Director X certainly has no qualms about making the world Priest inhabits look glamorous, but the film's commitment to location photography has the happy benefit of bringing in some weathered, aged, run-down places to contrast with the bold colors of the nightclubs and the luxurious house that are the outward face of the protagonist's life. I hesitate to say that the film looks "realistic", because that's very much wrong, but it does have a certain hands-off honesty in certain moments that give it more of a charge than I walked in expecting.

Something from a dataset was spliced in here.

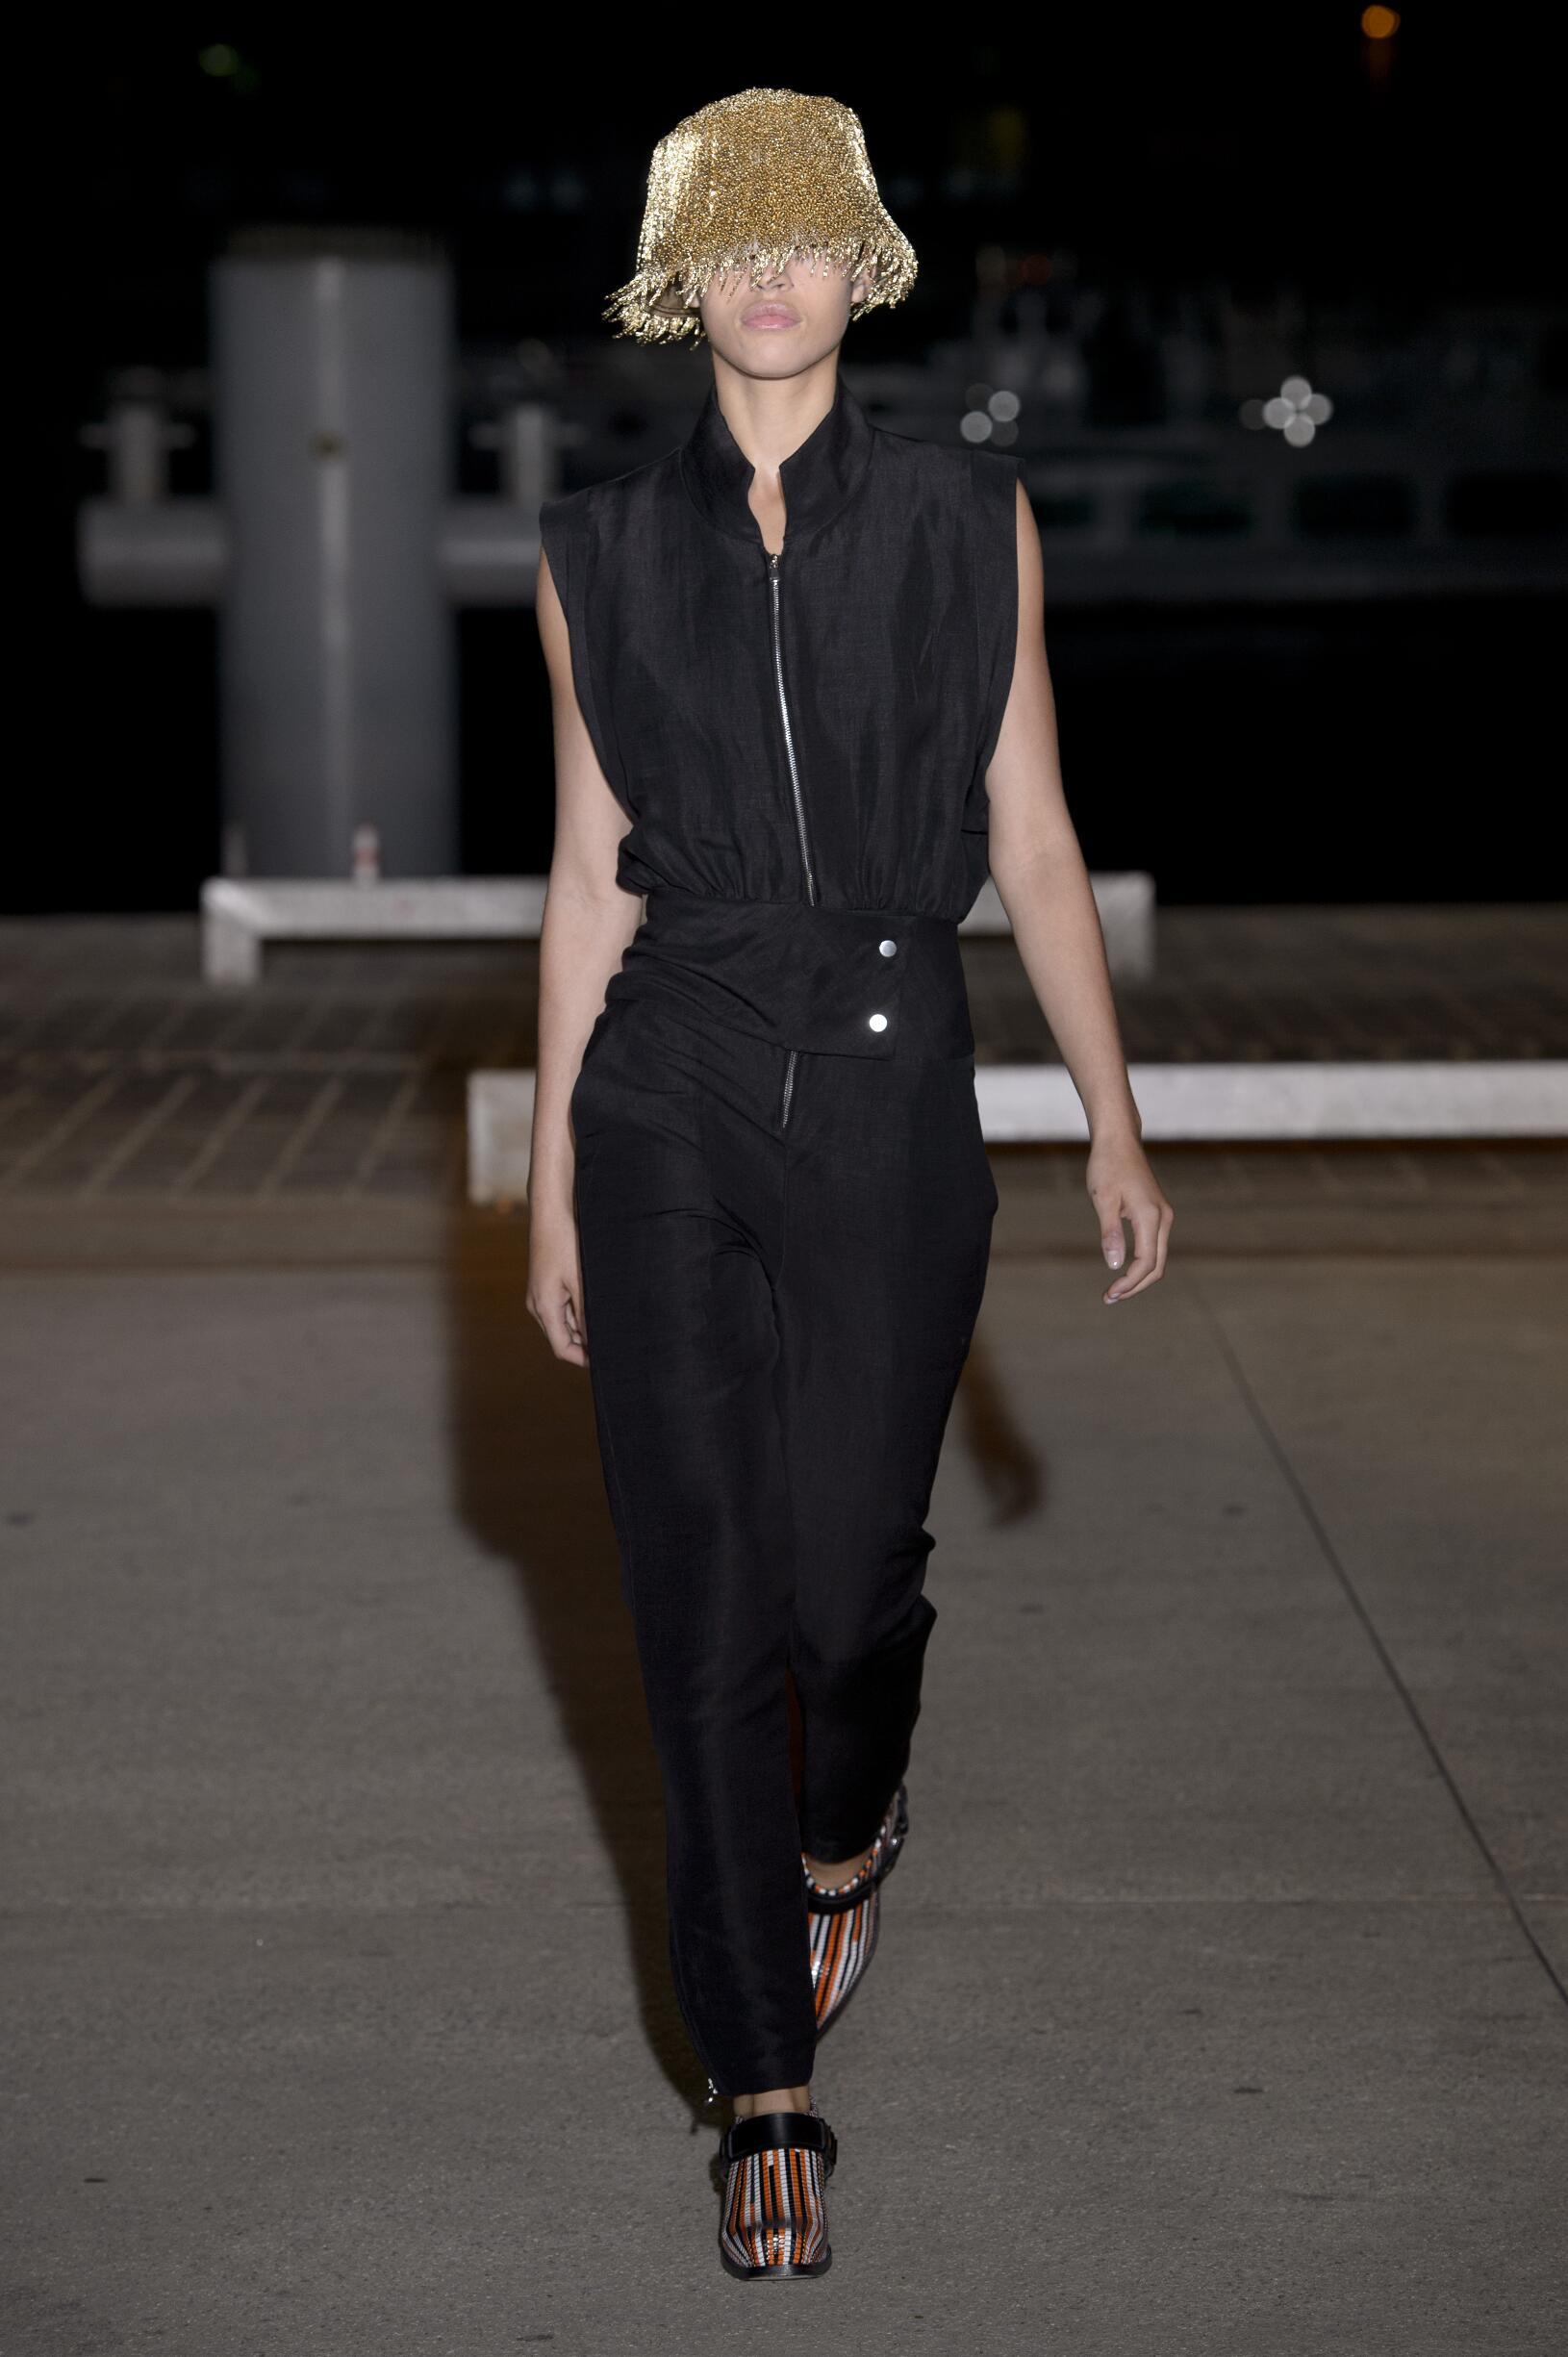 Wanda Nylon Style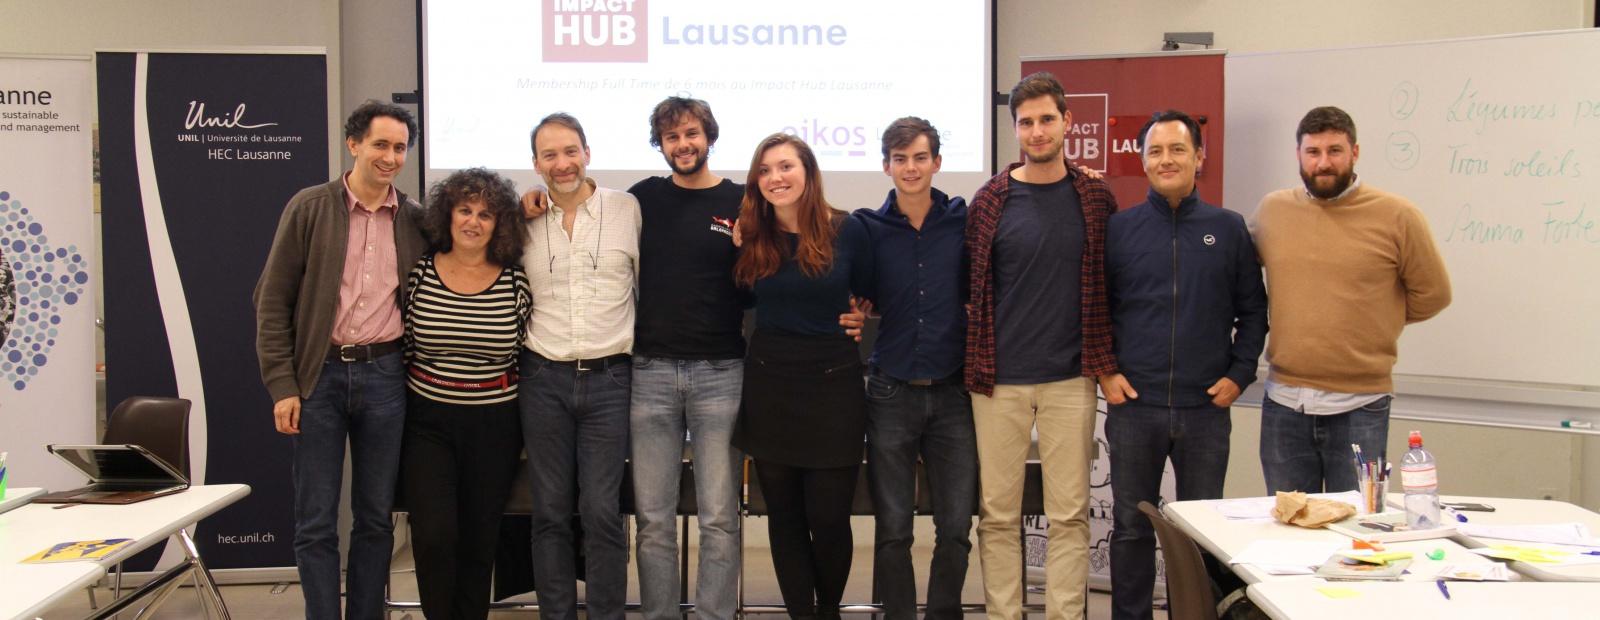 Participants Urban Creathon 2017

And then those last two-fifths just turn into an altogether different movie. We learn one thing early one: Director X has no facility for action scenes. This is disappointing enough, but even if the action was better, there'd be the lingering problem that action really needn't be here: the film is at its most interesting when it remains tied to Priest's mind and actions, and as the car chases and gun battles pile up, the protagonist loses all distinction to become just one more badass in a leather duster, as the camera whirls around and the editing jumps about, ruining any and all sense of spatial continuity. Basically, the last half-hour of Superfly becomes totally soulless, impersonal, poorly-shot, and worst of all boring, and it scuttles a movie that really was up to some interesting stuff, in its limited way.